Description of the task:
Transcribe every entry exactly, leaving out any pictures.

Input material:
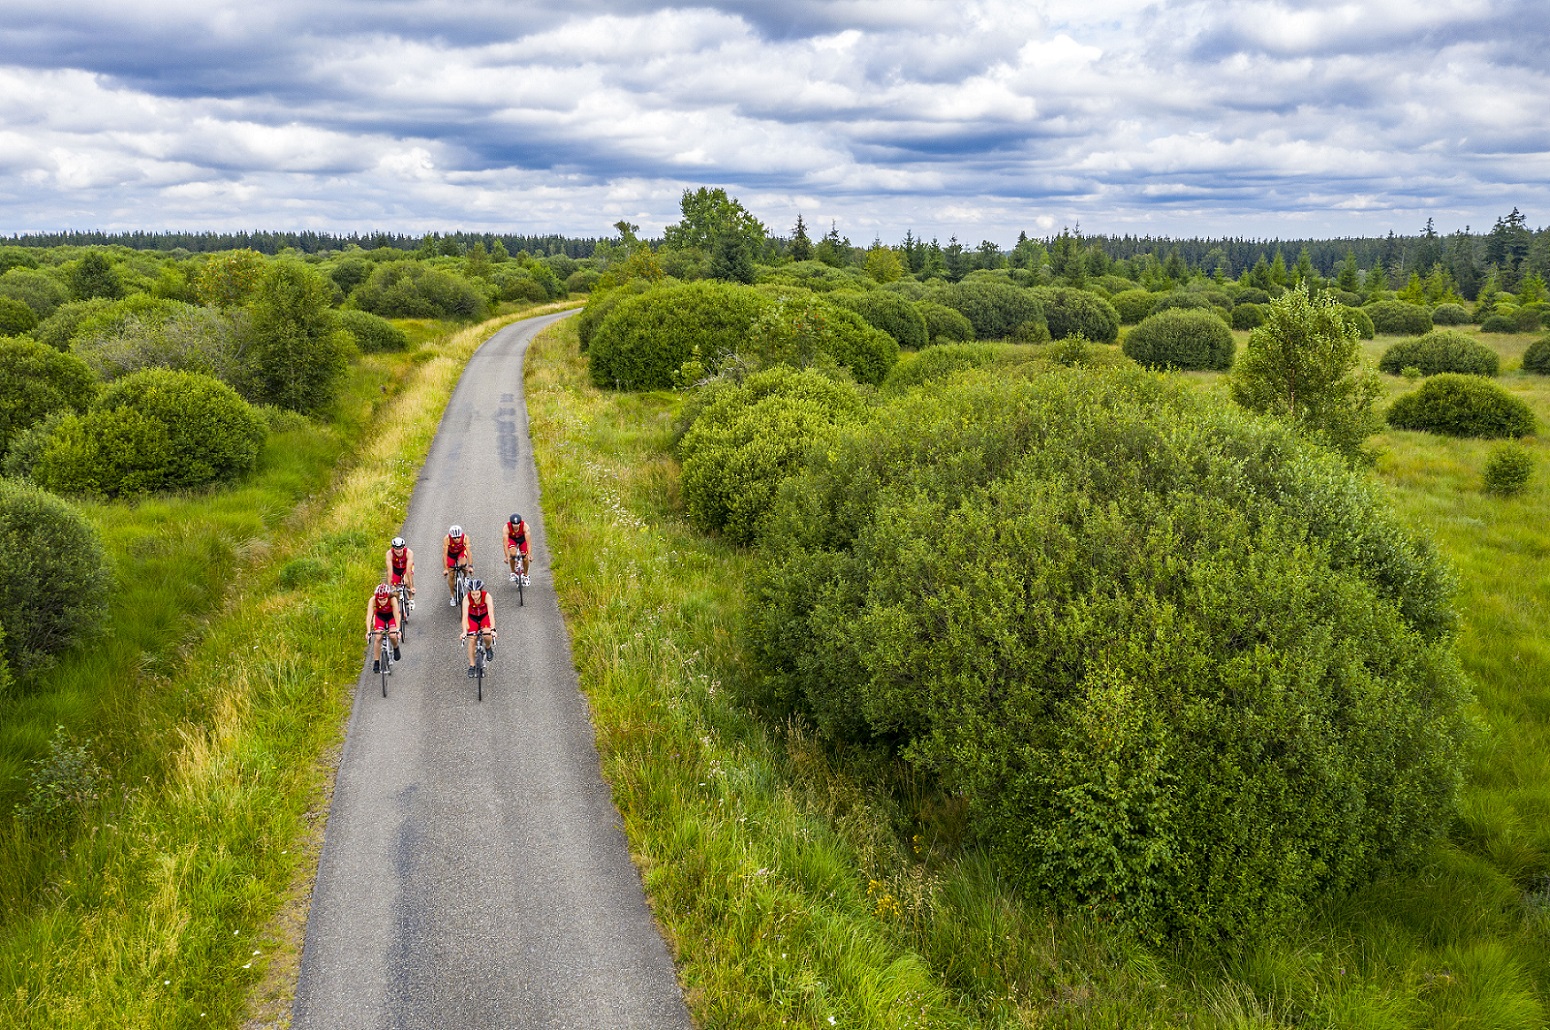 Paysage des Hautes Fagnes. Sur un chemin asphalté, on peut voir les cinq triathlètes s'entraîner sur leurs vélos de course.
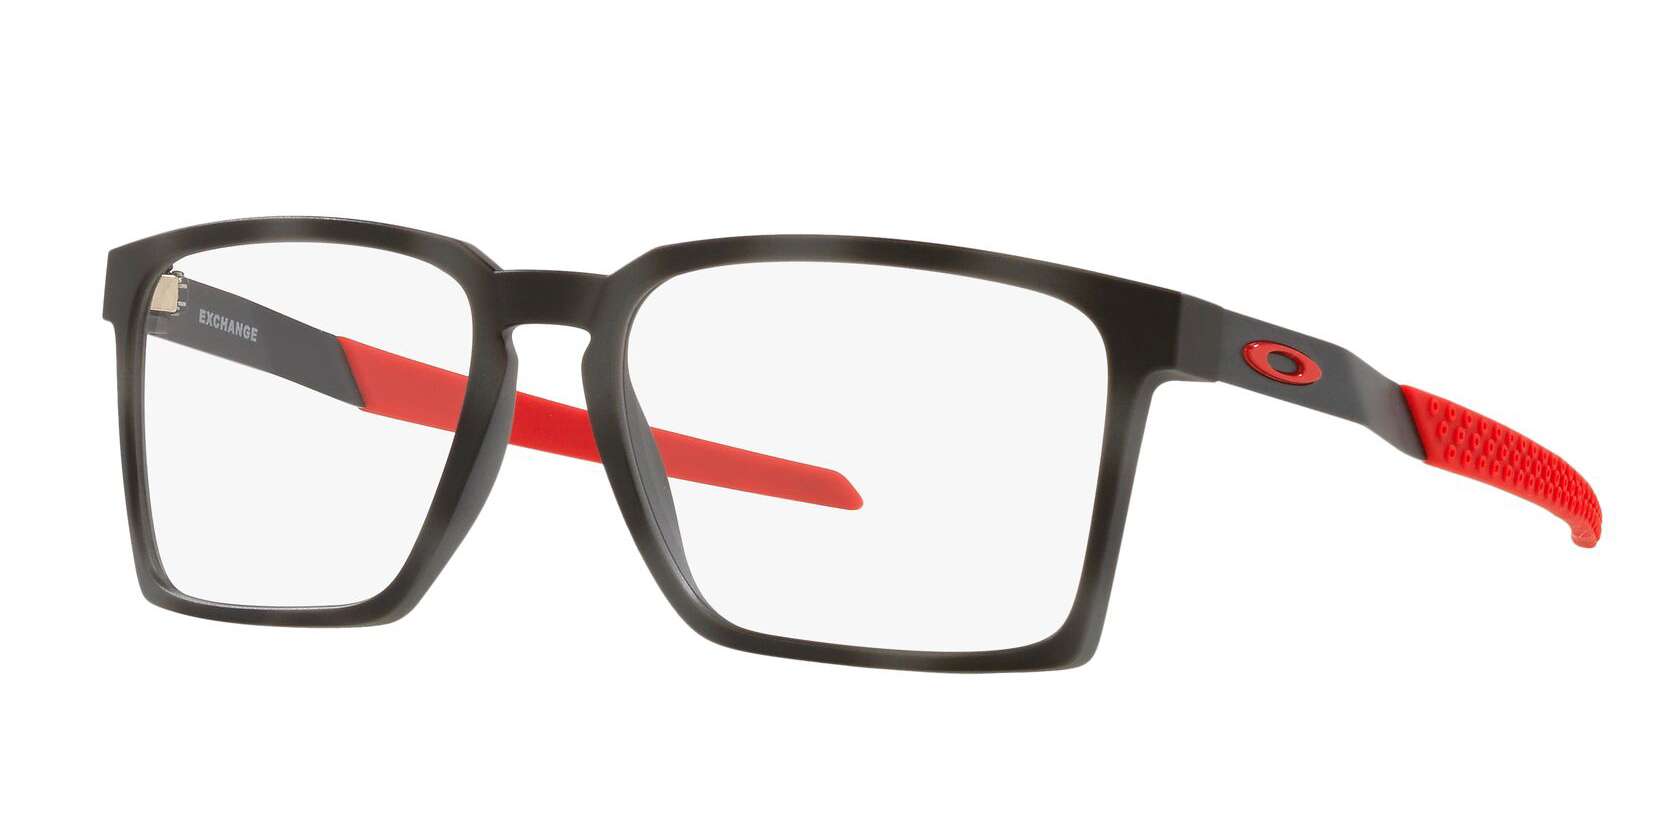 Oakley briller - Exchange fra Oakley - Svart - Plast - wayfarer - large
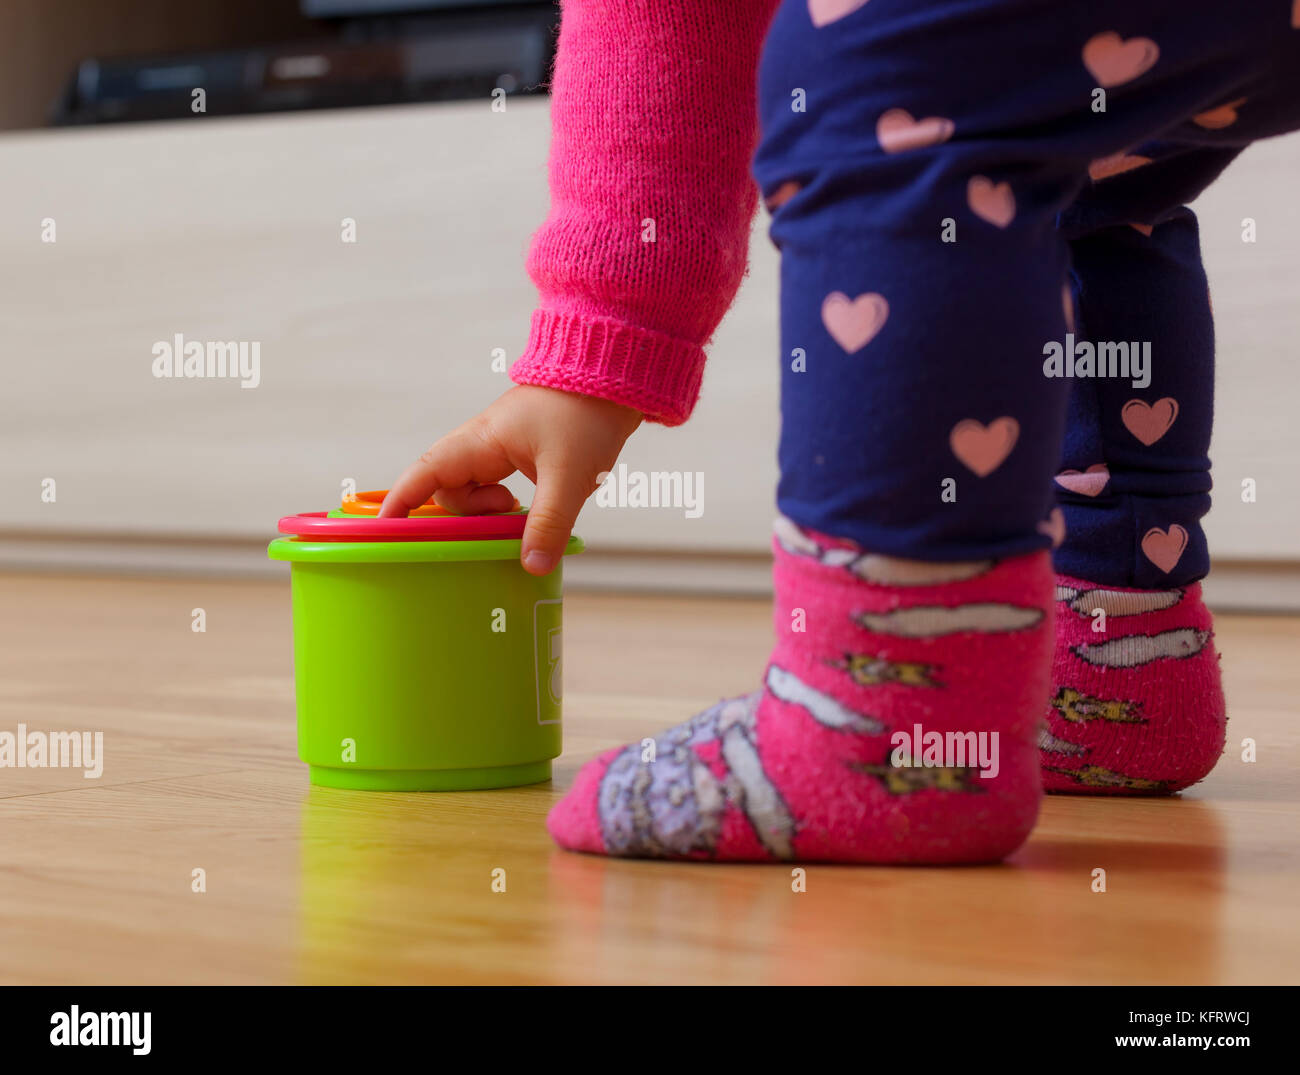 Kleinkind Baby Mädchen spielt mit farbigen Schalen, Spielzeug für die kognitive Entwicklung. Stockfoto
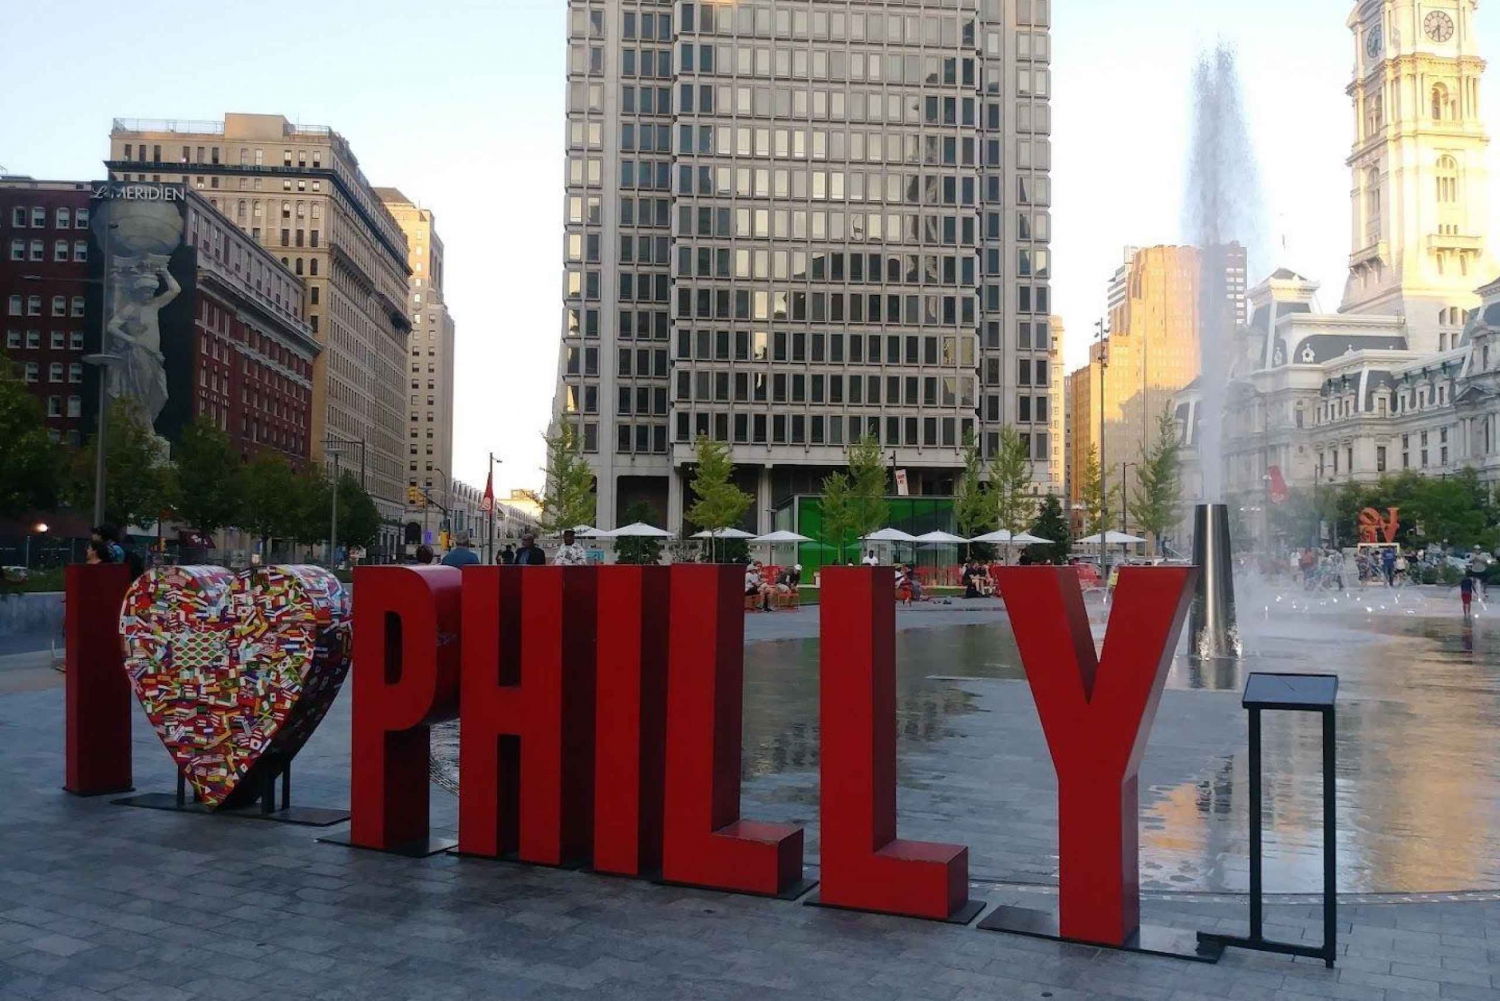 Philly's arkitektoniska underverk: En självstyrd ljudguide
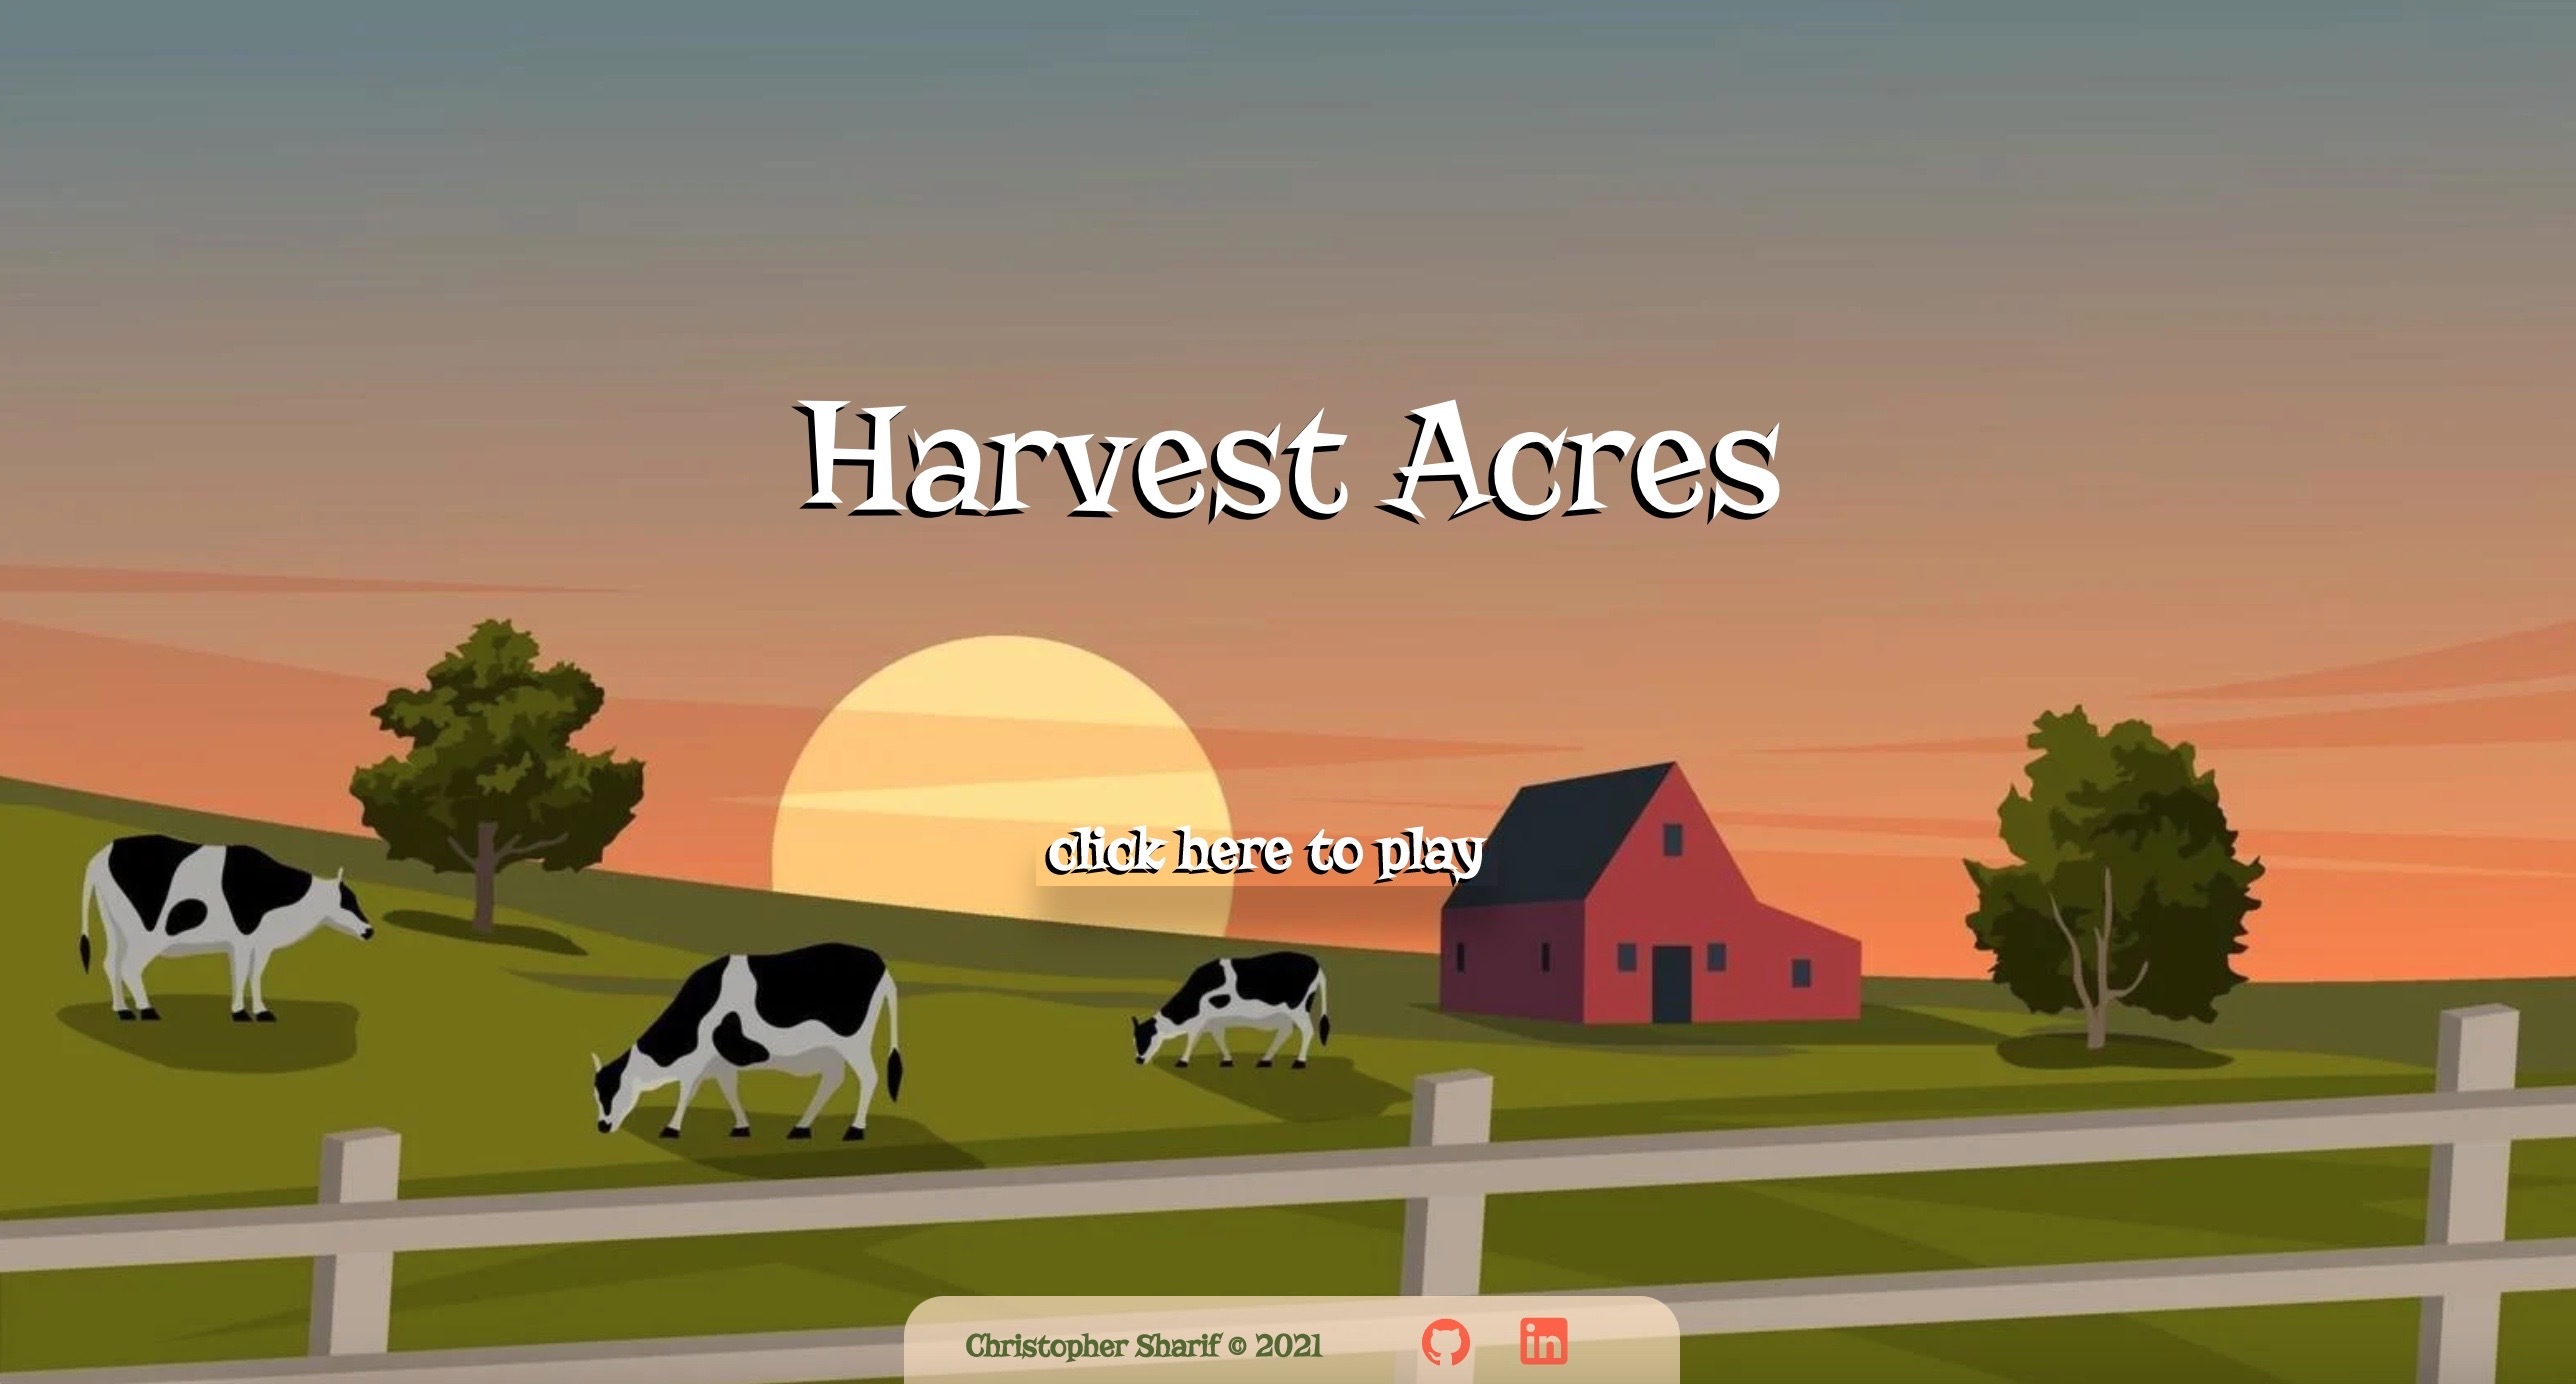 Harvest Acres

Written solution:
 Paysage des Hautes Fagnes. Sur un chemin asphalté, on peut voir les cinq triathlètes s'entraîner sur leurs vélos de course.
 Oakley briller - Exchange fra Oakley - Svart - Plast - wayfarer - large
 Kleinkind Baby Mädchen spielt mit farbigen Schalen, Spielzeug für die kognitive Entwicklung. Stockfoto
 Philly's arkitektoniska underverk: En självstyrd ljudguide
 Harvest Acres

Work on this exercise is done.